Population (2024 census)
- • Total: 18,679
- • Density: 74.872/km^{2} (193.92/sq mi)
- • Households: 4,466

Economy
- • Income class: 1st municipal income class
- • Poverty incidence: 30.69% (2023)
- • Revenue: ₱ 292.8 million (2024)
- • Assets: ₱ 876.4 million (2024)
- • Expenditure: ₱ 225.6 million (2024)
- • Liabilities: ₱ 49.04 million (2024)

Service provider
- • Electricity: Dinagat Island Electric Cooperative (DIELCO)
- Time zone: UTC+8 (PST)
- ZIP code: 8411
- PSGC: 1608502000
- IDD : area code: +63 (0)86
- Native languages: Surigaonon Cebuano Tagalog

= Cagdianao =

Municipality in Dinagat Islands, Philippines

Cagdianao, officially the Municipality of Cagdianao (Surigaonon: Lungsod nan Cagdianao; Lungsod sa Cagdianao; Bayan ng Cagdianao), is a municipality in the province of Dinagat Islands, Philippines.
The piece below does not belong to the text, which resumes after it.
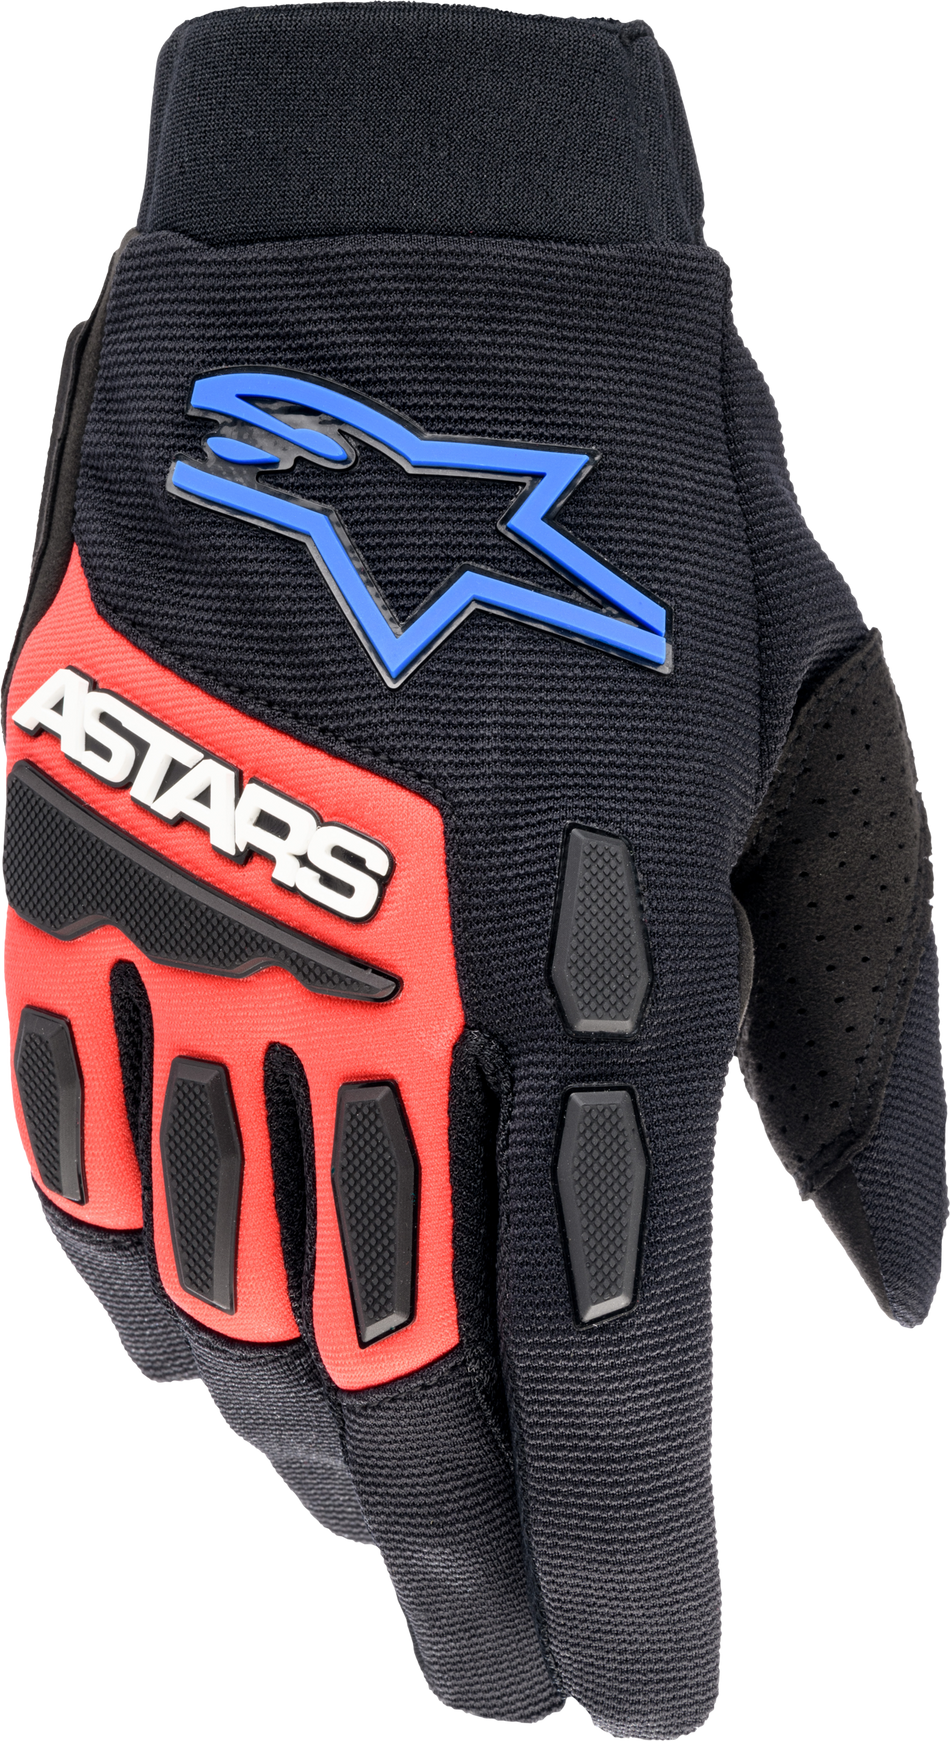 ALPINESTARS Full Bore Xt Gloves Black/Bright Blue/Red Sm 3563623-1317-SM

According to the 2024 census, it has a population of 18,679 people.

==Etymology==
Cagdianao is derived from kagdianao, an alternate form of kaagdao-an, meaning "place where mangroves grow", from agdao, a local name for a species of mangrove.

==History==
The town became a part of the province of Dinagat Islands in December 2006, when the province was created from Surigao del Norte by Republic Act No. 9355. However, in February 2010, the Supreme Court ruled that the law was unconstitutional, as the necessary requirements for provincial land area and population were not met. The town reverted to Surigao del Norte. On October 24, 2012, however, the Supreme Court reversed its ruling from the previous year, and upheld the constitutionality of RA 9355 and the creation of Dinagat Islands as a province.

==Geography==

===Barangays===
Cagdianao is politically subdivided into 14 barangays. Each barangay consists of puroks while some have sitios.
- Boa
- Cabunga-an
- Del Pilar
- Laguna
- Legaspi
- Ma-atas
- Mabini
- Nueva Estrella
- Poblacion
- R. Ecleo
- San Jose
- Santa Rita
- Tigbao
- Valencia

===Climate===

Climate data for Cagdianao, Dinagat Islands
| Month | Jan | Feb | Mar | Apr | May | Jun | Jul | Aug | Sep | Oct | Nov | Dec | Year |
| Mean daily maximum °C (°F) | 27 (81) | 28 (82) | 28 (82) | 30 (86) | 30 (86) | 30 (86) | 29 (84) | 30 (86) | 30 (86) | 29 (84) | 29 (84) | 28 (82) | 29 (84) |
| Mean daily minimum °C (°F) | 23 (73) | 23 (73) | 23 (73) | 23 (73) | 25 (77) | 25 (77) | 25 (77) | 25 (77) | 25 (77) | 25 (77) | 24 (75) | 24 (75) | 24 (75) |
| Average precipitation mm (inches) | 210 (8.3) | 161 (6.3) | 123 (4.8) | 85 (3.3) | 148 (5.8) | 186 (7.3) | 164 (6.5) | 157 (6.2) | 141 (5.6) | 190 (7.5) | 223 (8.8) | 200 (7.9) | 1,988 (78.3) |
| Average rainy days | 21.0 | 16.8 | 18.5 | 18.2 | 24.9 | 27.7 | 28.4 | 27.0 | 26.1 | 27.6 | 24.6 | 22.0 | 282.8 |
Source: Meteoblue (Use with caution: this is modeled/calculated data, not measured locally.)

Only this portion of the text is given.